SUPPLIED INFORMATION:
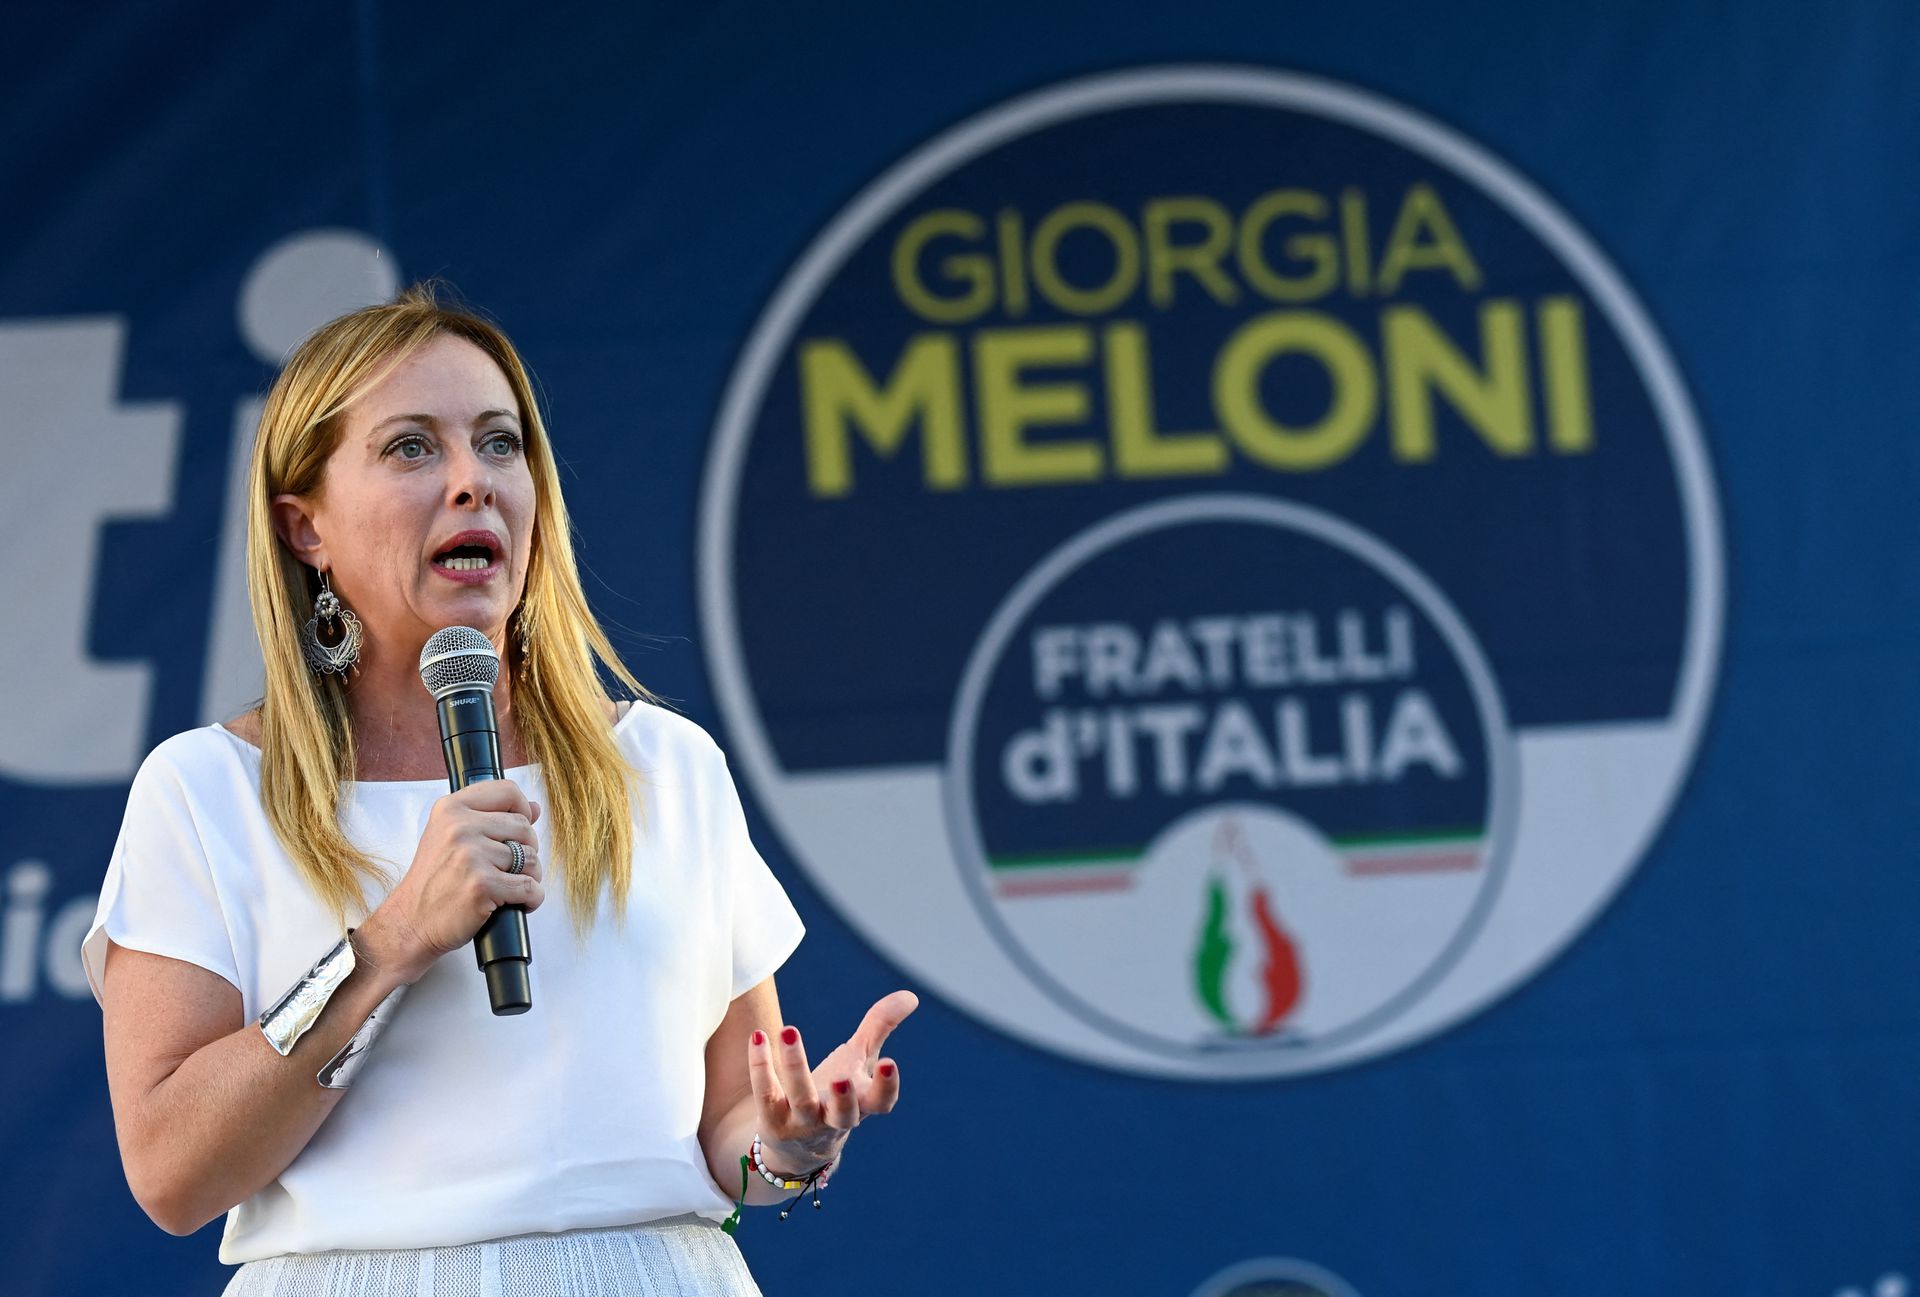 Italia: Aumento del deficit annunciato da Giorgia Meloni – Economic Post
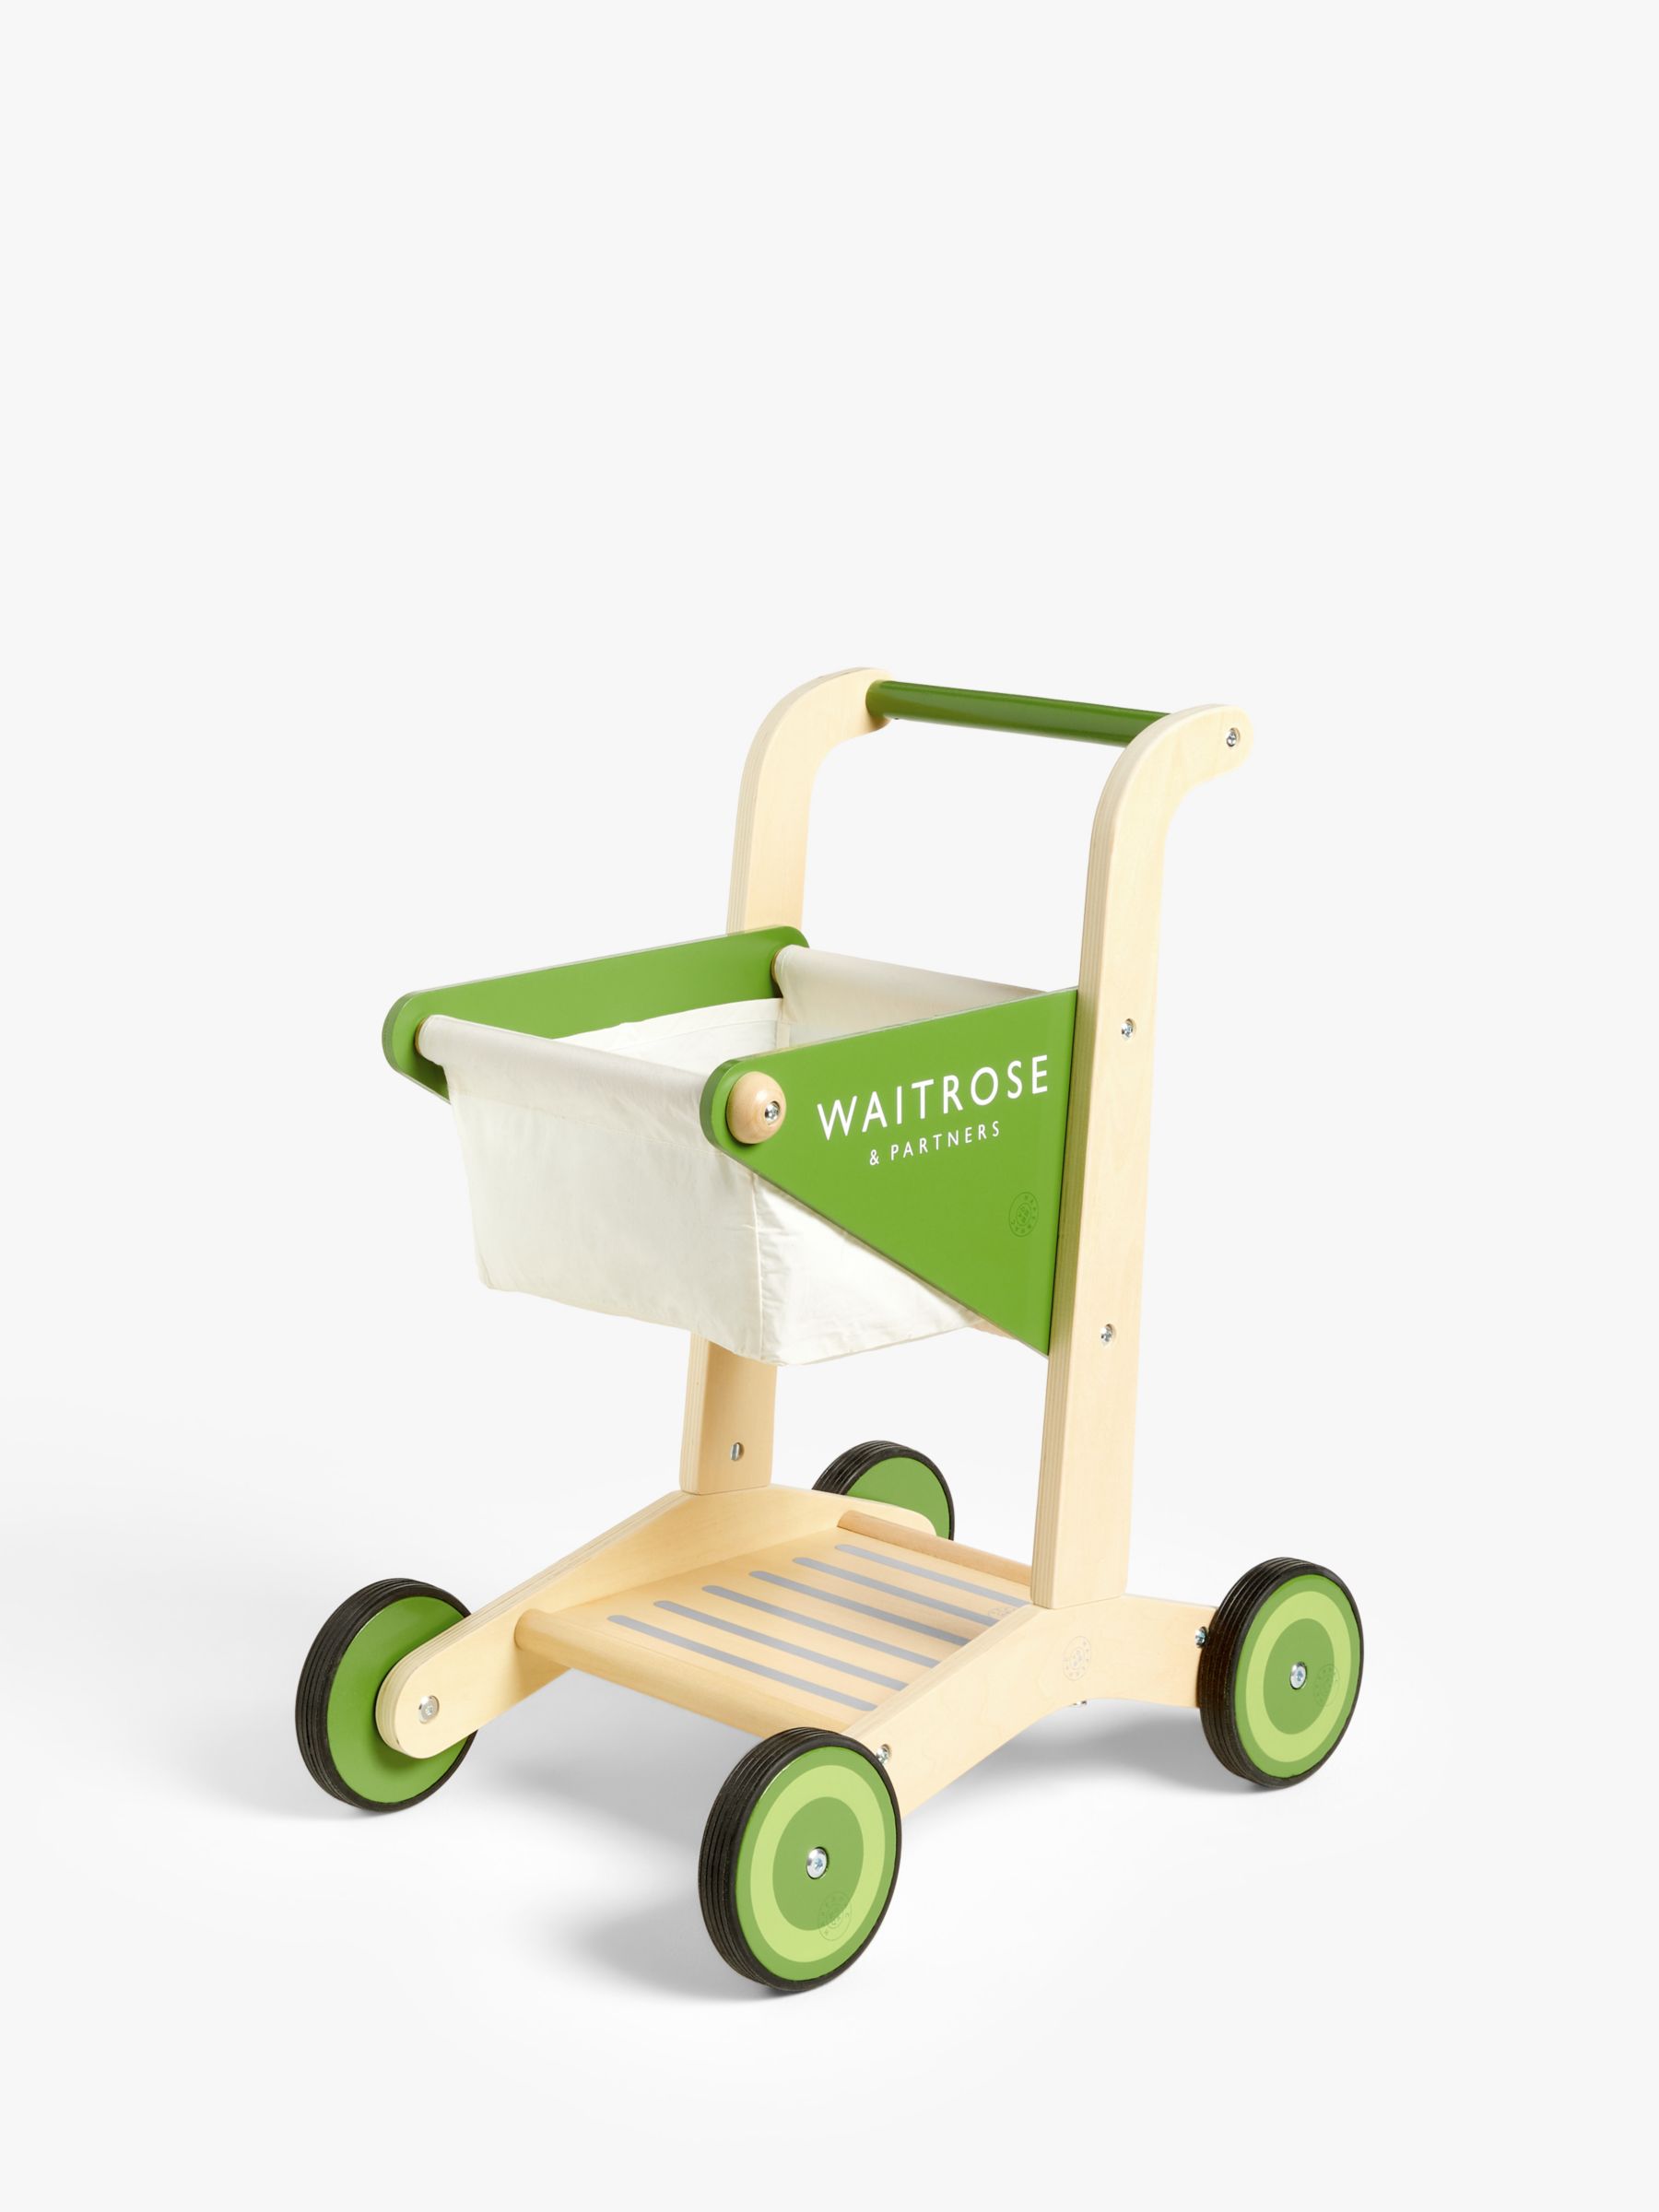 Waitrose Wooden Shopping Trolley
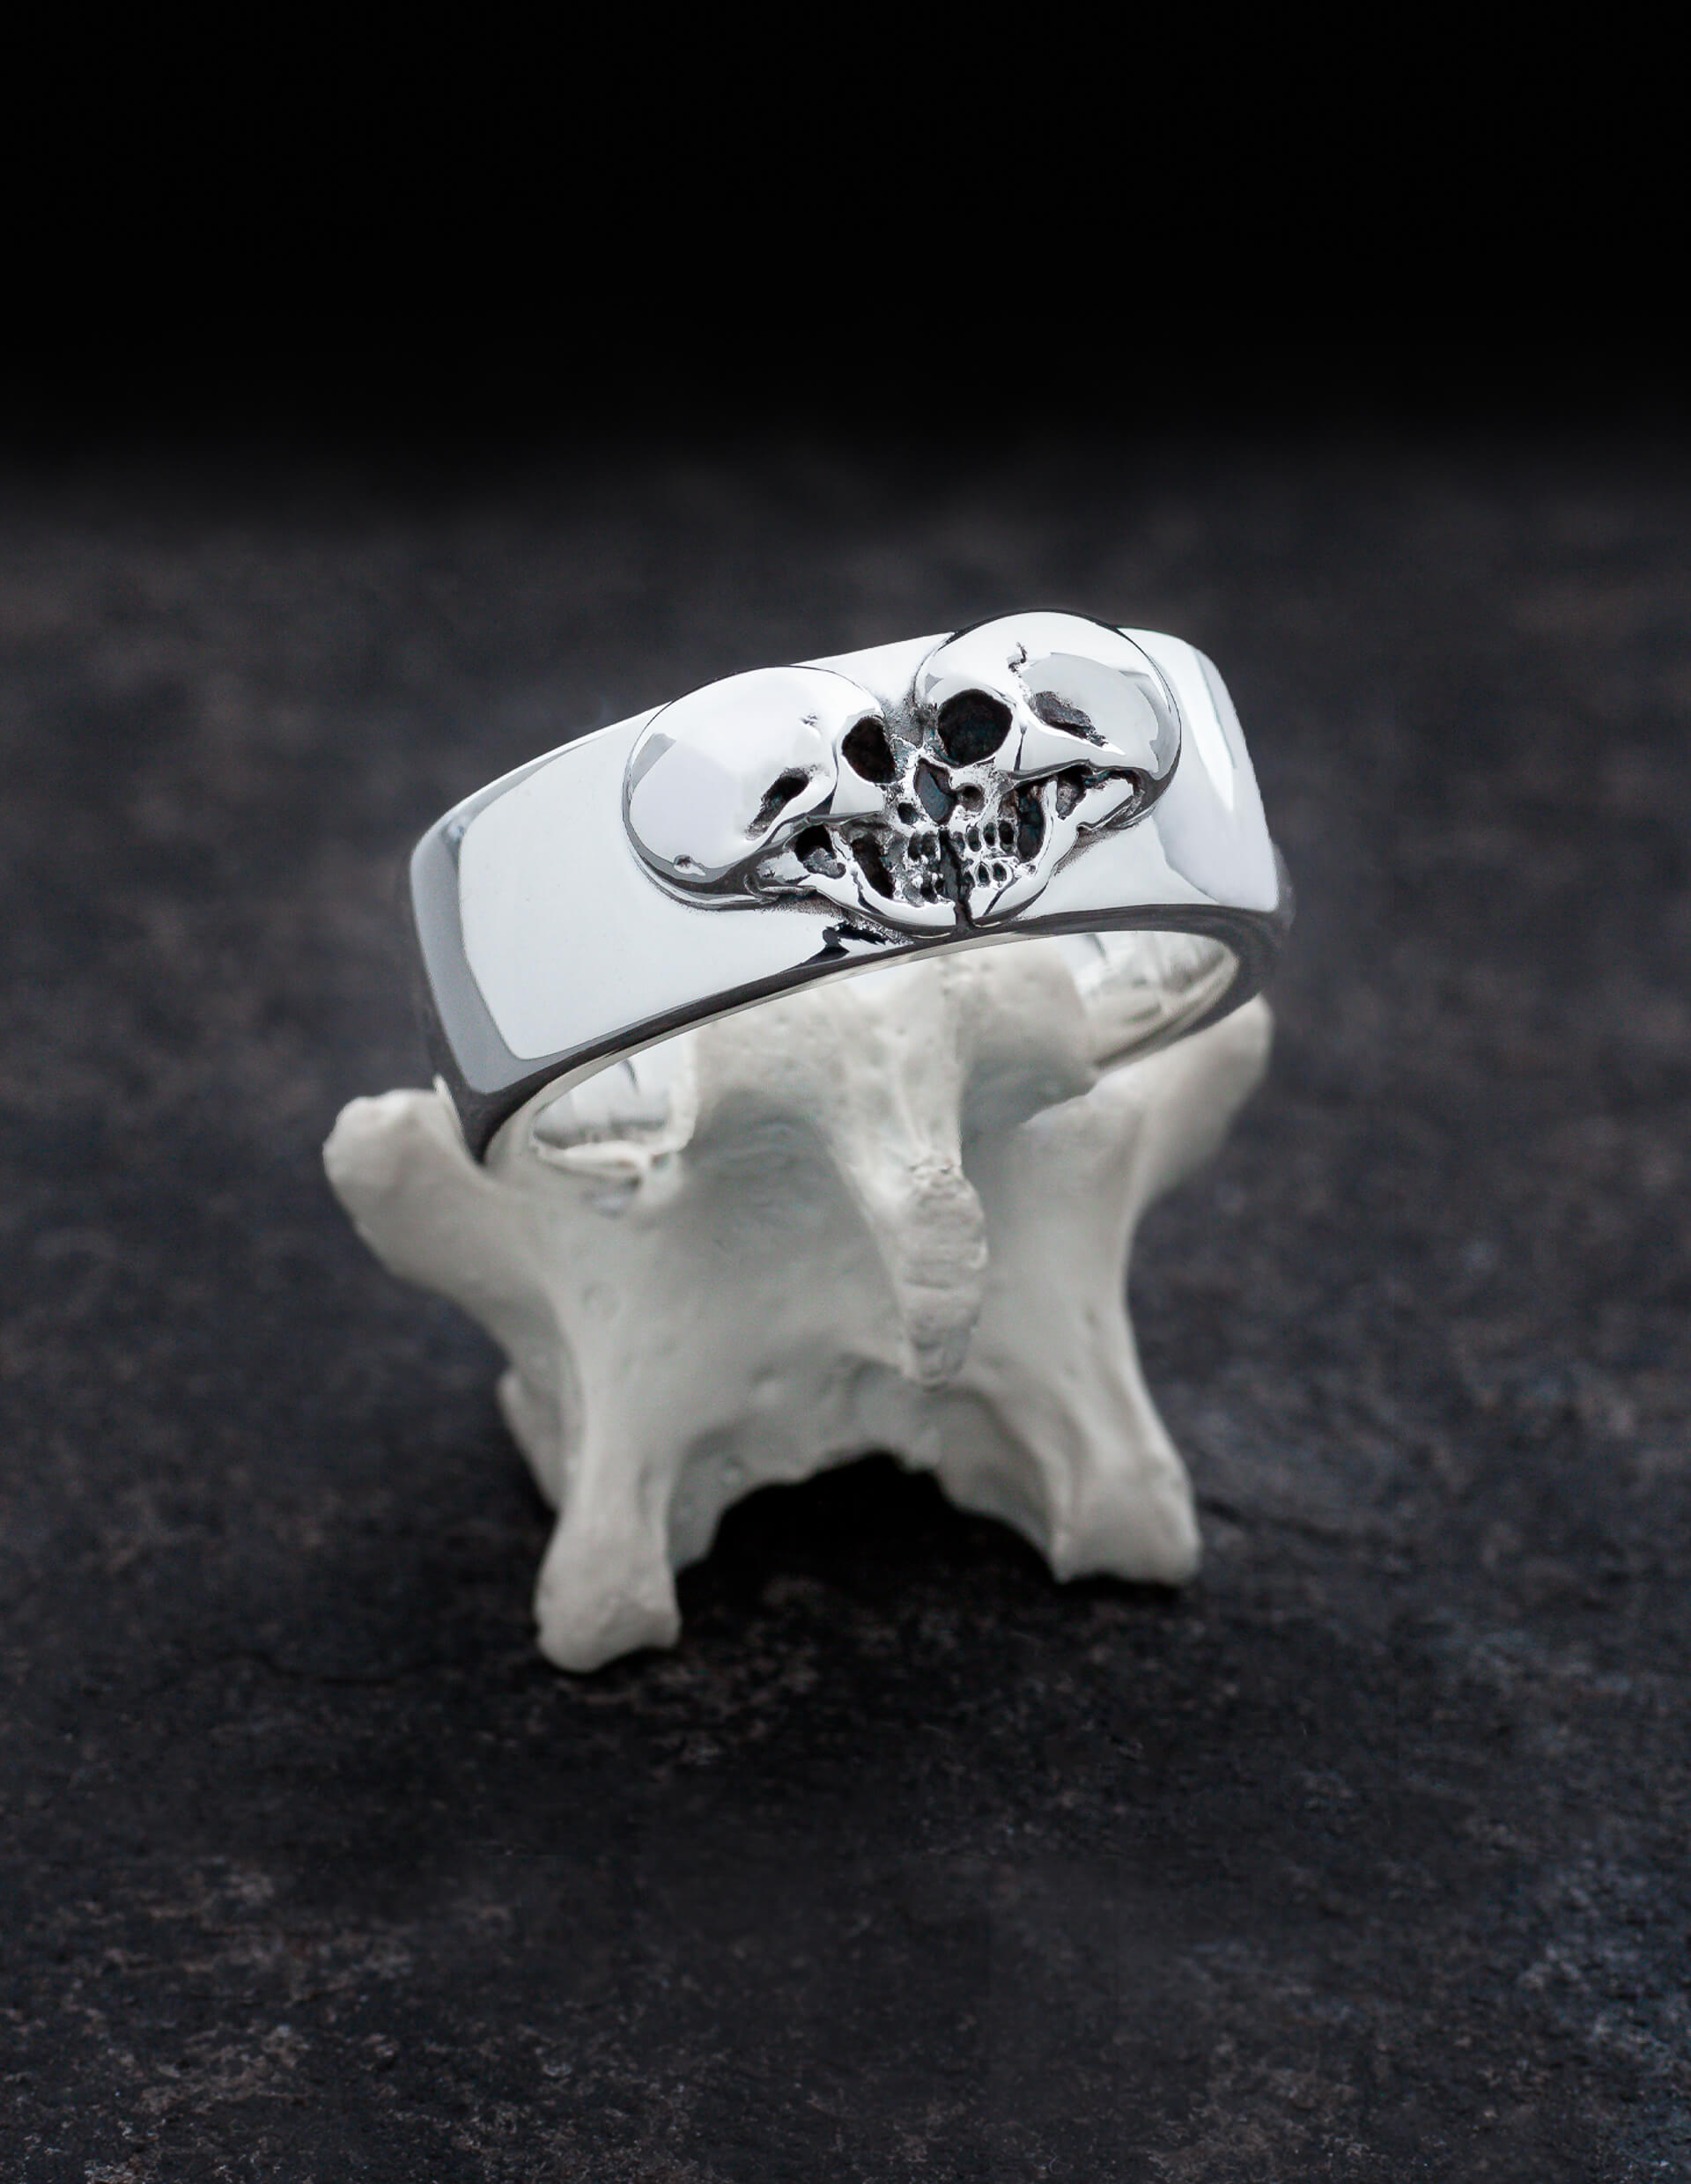 Kissing Skulls ist ein schwerer gothic Ehering. Zwei Totenköpfe im Profil sind in Form eines Herzens angeordnet. Die Form des Ringes ist breit und leicht flach gewölbt mit abgerundeten Kanten. Der Ring ist in diesem Bild auf einem Knochen drapiert.

ACTIVITY:
Skip all pictures. Then give again, exactly, each line from the line holding "Waitrose Wooden Shopping Trolley" through the last line of the listing above, both ends included.

RESPONSE BELOW:
 Waitrose Wooden Shopping Trolley
 Kissing Skulls ist ein schwerer gothic Ehering. Zwei Totenköpfe im Profil sind in Form eines Herzens angeordnet. Die Form des Ringes ist breit und leicht flach gewölbt mit abgerundeten Kanten. Der Ring ist in diesem Bild auf einem Knochen drapiert.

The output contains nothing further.